PolicyCraft AI: National Wellbeing Diagnostics & Policy Simulator
Inspiration: Beyond the Static Dashboard
The world is awash in data, yet true understanding remains elusive. When I first explored the OECD’s Better Life Index dataset, I saw a familiar challenge: valuable information trapped in tables and static charts. Traditional dashboards can show what is happening, but they rarely explain why or explore what could be.
This inspired me to build an application that goes beyond presenting data to guide the user through a journey of discovery. This vision shaped the app as an agentic co-pilot—one that takes users from a global overview, to a specific diagnosis, and finally to an actionable simulation. It's a tool designed to answer the question most dashboards can't:
“Now what?”
What it does
The app guides users through a three-act narrative, revealing complexity progressively:
Act 1: 🌍 Global Overview - Users start with a high-level view, exploring a world map of composite wellbeing scores. This allows for quick comparisons and identification of interesting countries, setting the stage for a deeper dive.

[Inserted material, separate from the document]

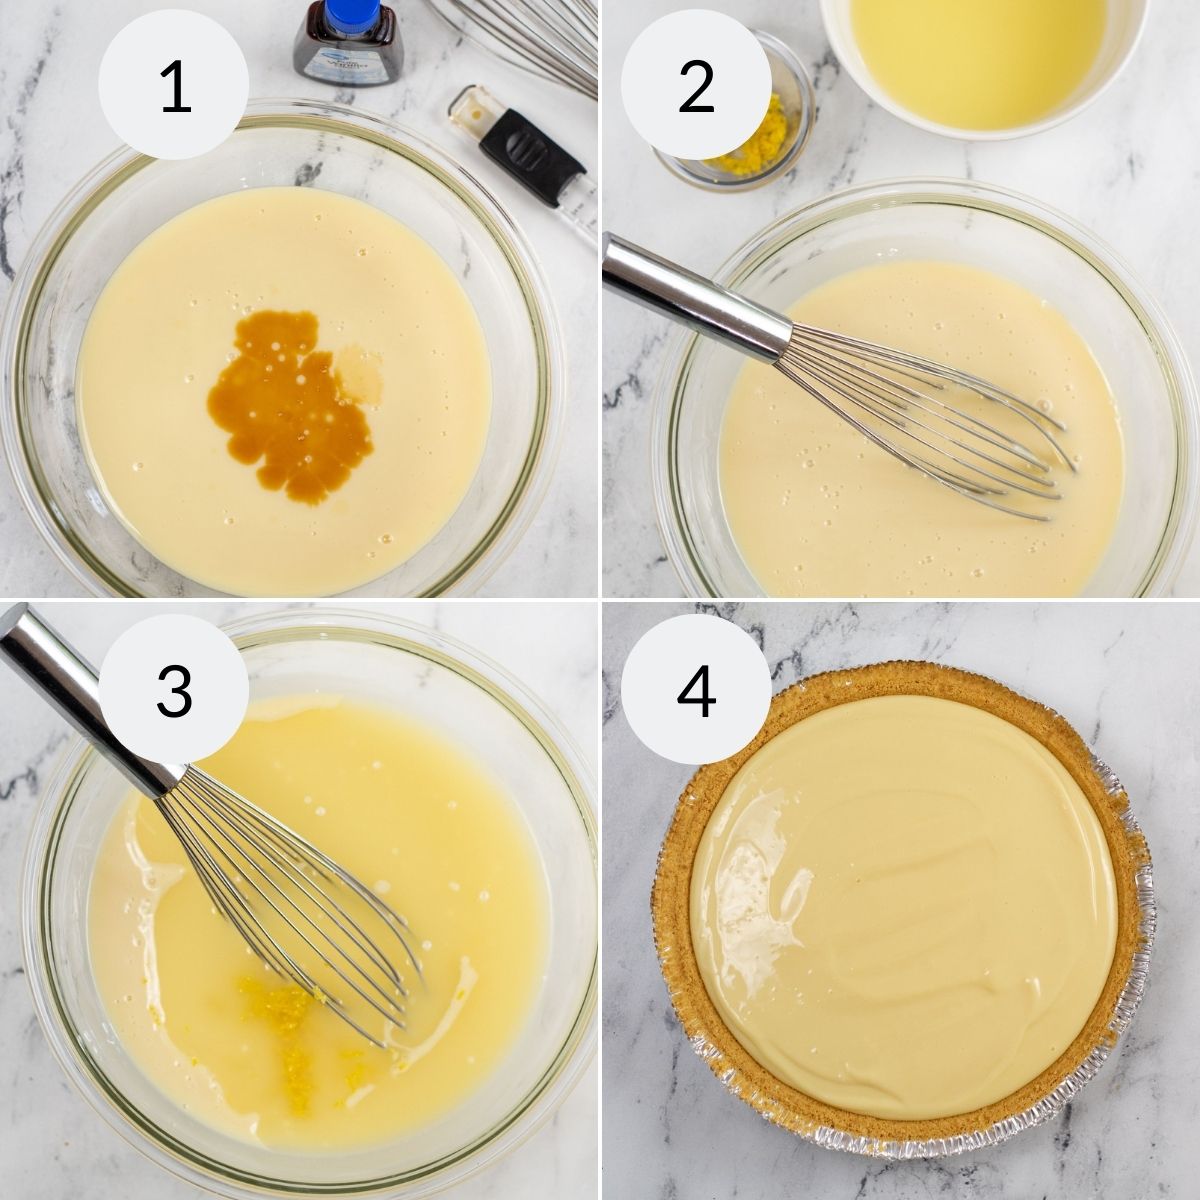 Making the lemon fillig for the pie.
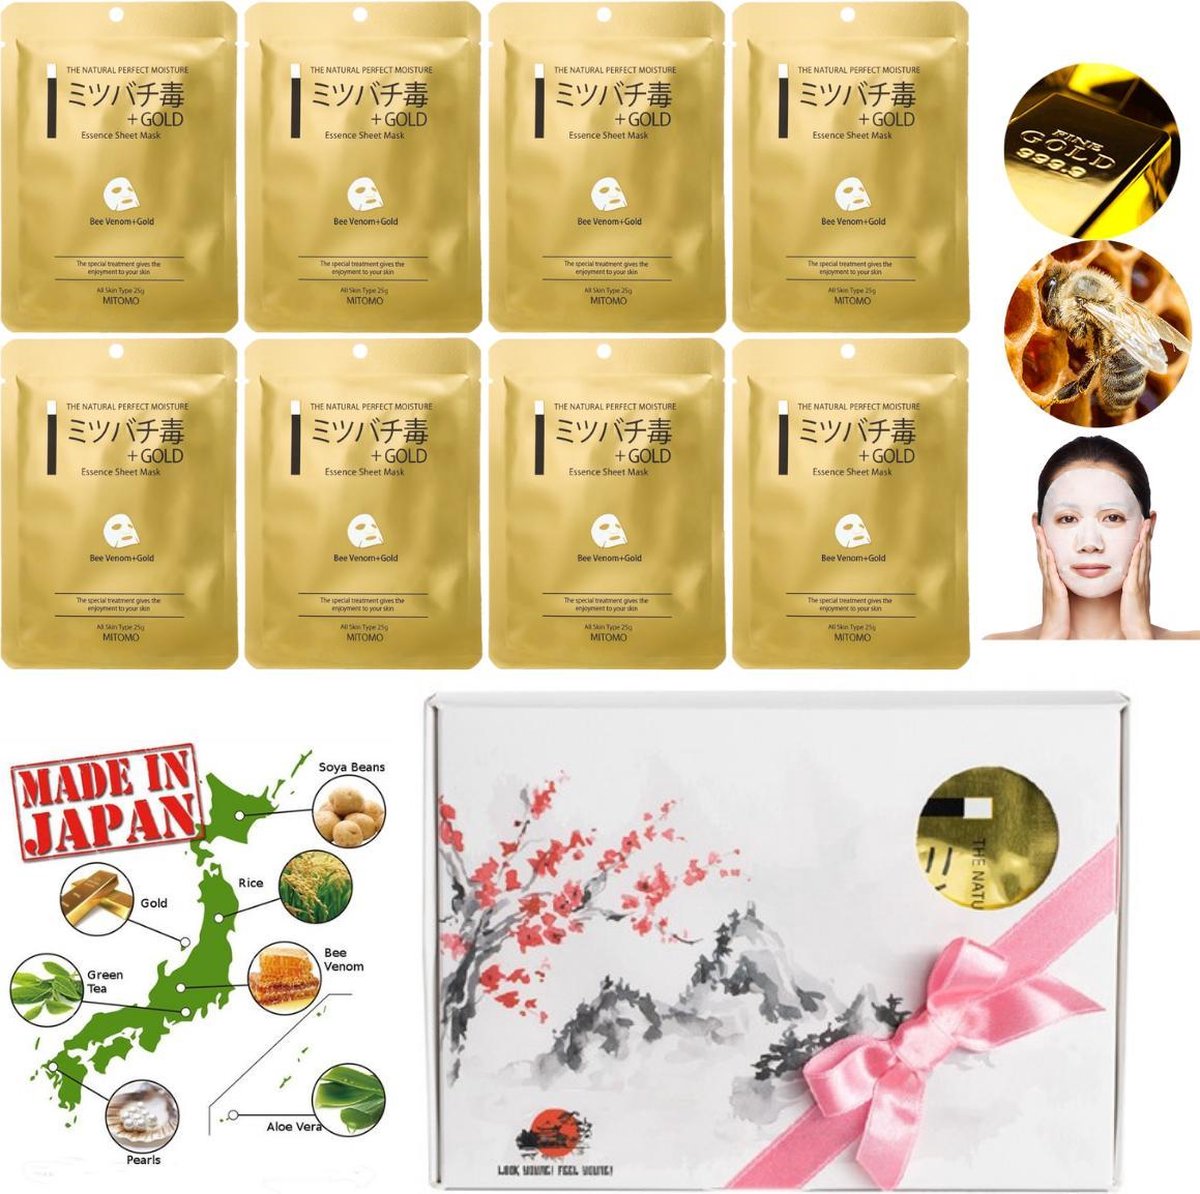 Mitomo Japan Gold & Bee Venom Beauty Face Mask Giftbox - Japanse Skincare Gezichtsmaskers met Geschenkdoos - Geschenkset Vrouwen - 8-Pack

Act 2: 🧭 Country Diagnosis - After selecting a country, a radar chart and gap analysis reveal its unique profile across 10 dimensions. AI-generated text identifies the top 2 strengths and weaknesses relative to the OECD average, providing a clear, narrative-based diagnosis of what these patterns mean for citizen wellbeing.
Act 3: ⚙️ Policy Simulation - This is where analysis turns to action. Interactive sliders let users test "what-if" scenarios. As a user adjusts a dimension (e.g., "improve education score by 10 points"), a scatter plot updates in real-time, showing the country's current position moving toward a simulated one. AI-generated insights explain the projected impact on life satisfaction, contextualized by comparisons to top-performing nations like Finland and Denmark.
How I built it
The project was developed in two main phases: offline data processing and online app development within Plotly Studio.
Phase 1: Data Engineering (Offline)
The foundation is a robust data transformation pipeline (oecd_transform.py) that processes the raw 97,916-row OECD dataset. This script was run locally to produce a clean, analysis-ready CSV file. It performs several key steps:
- Filtering & Pivoting: Isolates country-level data and transforms it from a long to a wide format.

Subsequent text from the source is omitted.